The Harper’s letter also denounces the tendency to dissolve complex debates in “a blinding moral certainty.” It is a laudable trait of the classically liberal mind to try to reckon with the potential merits of the opposing side’s view, rather than to simply assume or assert the other side’s iniquity.

But the open letter did not do that. While classical liberalism has a winning record within the broad history of American intellectual life, within the history most relevant to younger writers and activists—say the past quarter-century—it is not hard to see why this philosophy would look weak and timorous. The instinct of liberal intellectuals to see all sides, to critique the power establishment from within rather than attack it frontally from outside, arguably contributed to the debacles of the Iraq War and the 2008 financial crash. The tendency of liberal centrists to believe that political debate is basically on the level, while the right cynically exploits the reality that modern politics is often not on the level and is more about power than ideas, arguably helped vault Donald Trump to the presidency.

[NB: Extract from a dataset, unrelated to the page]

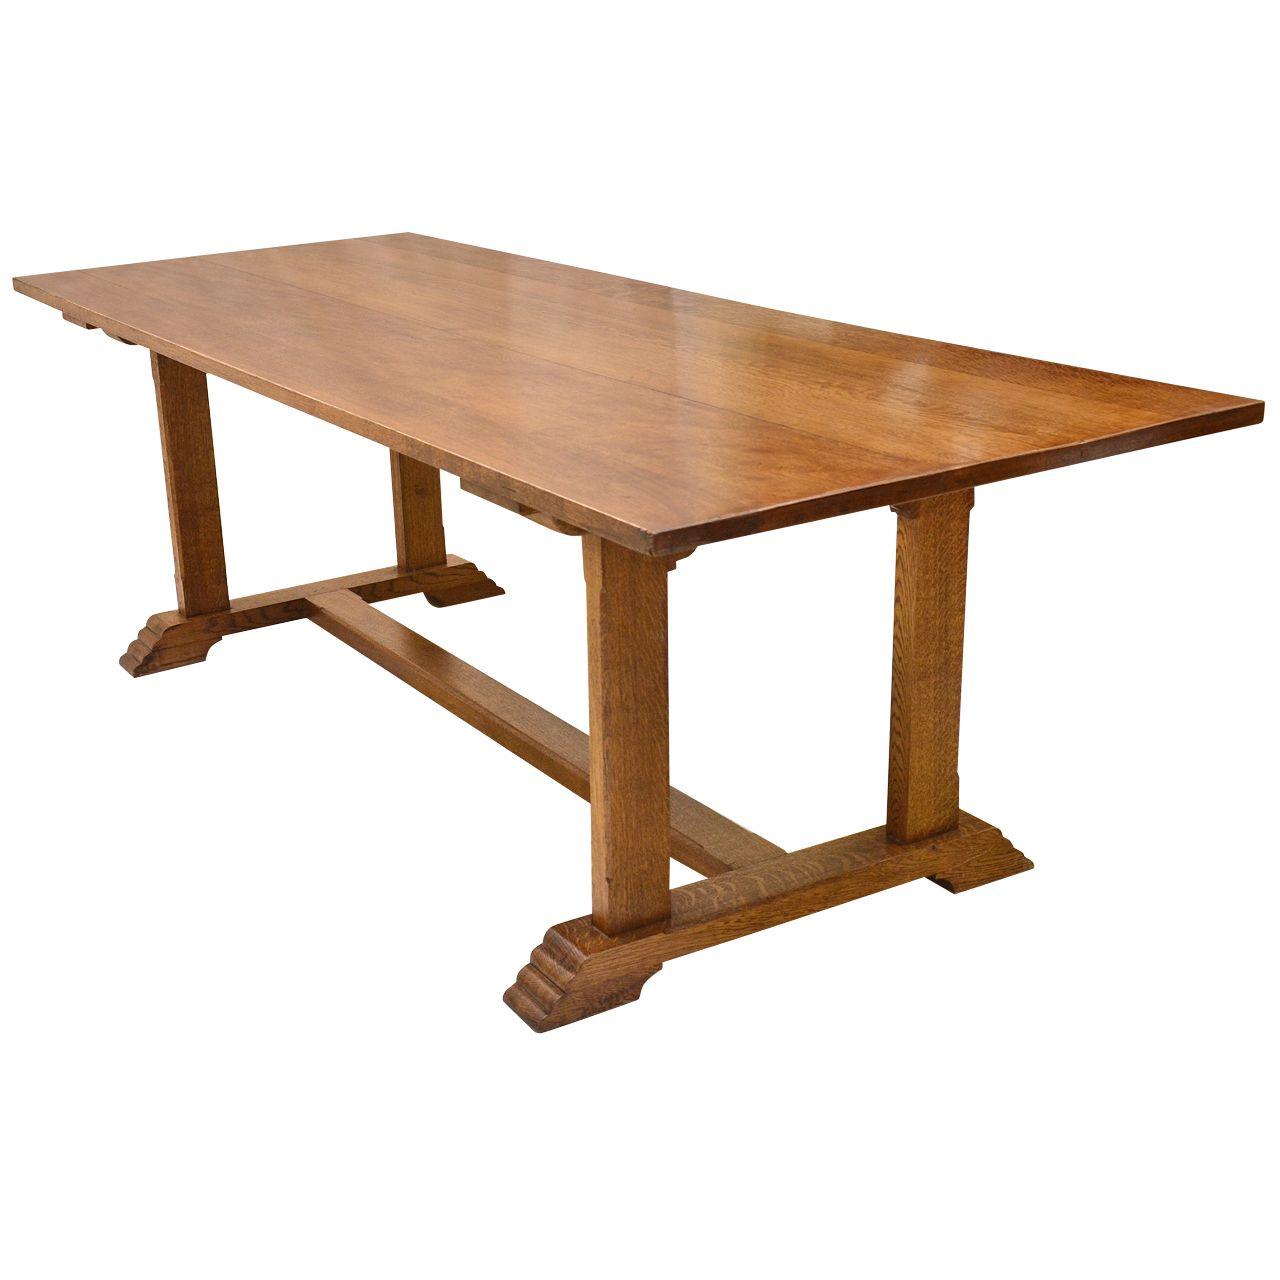 English Oak Trestle Base Gordon Russell Table | Dining room table ...

The historic weakness of classical liberalism is a tendency to equivocate and delay even on questions that do demand blinding moral certainty, like confronting the rise of fascism in the 1930s or Jim Crow for decades before the 1960s. The historic strength of liberalism is that it usually rises to the occasion eventually. A political philosophy that embraces relativism over absolutism, that prefers the practical over the theoretical, that encourages conflicting perspectives rather than orthodoxy, that appreciates contradiction and contingency, is a lot more durable over the long haul. Critics on the left who have disdain for this squishy worldview should acknowledge that historically societies that draw hard lines against offensive speech nearly always do so in the name of protecting established power, not attacking prejudice or empowering marginalized voices.

But this, too, is getting a bit abstract. And abstraction may be the greatest hazard to constructive political debate in this age, as we huddle at home on keyboards and see colleagues, if at all, by Zoom screens. What is striking about the various speech manifestos is how they refer to fellow writers who happen to disagree as though they are distant strangers, odious stick-figure characters. One feels this distance in both directions in Bari Weiss’ complaint to New York Times publisher A.G. Sulzberger, in a public resignation letter, as she berates colleagues who she says bully her and allegedly regard “history itself [as] one more ephemeral thing molded to fit the needs of a predetermined narrative.”

One feels that distance again in the open-letter rebuttal to the Harper’s letter as it lashes signatories for invoking “seductive but nebulous concepts and coded language to obscure the actual meaning behind their words,” the aim of which is “to control and derail the ongoing debate about who gets to have a platform.”

These days, many more writers have a platform than ever before. The question is how to use it. The external world—its problems and remedies—is a more compelling subject than the internal psychology of writers.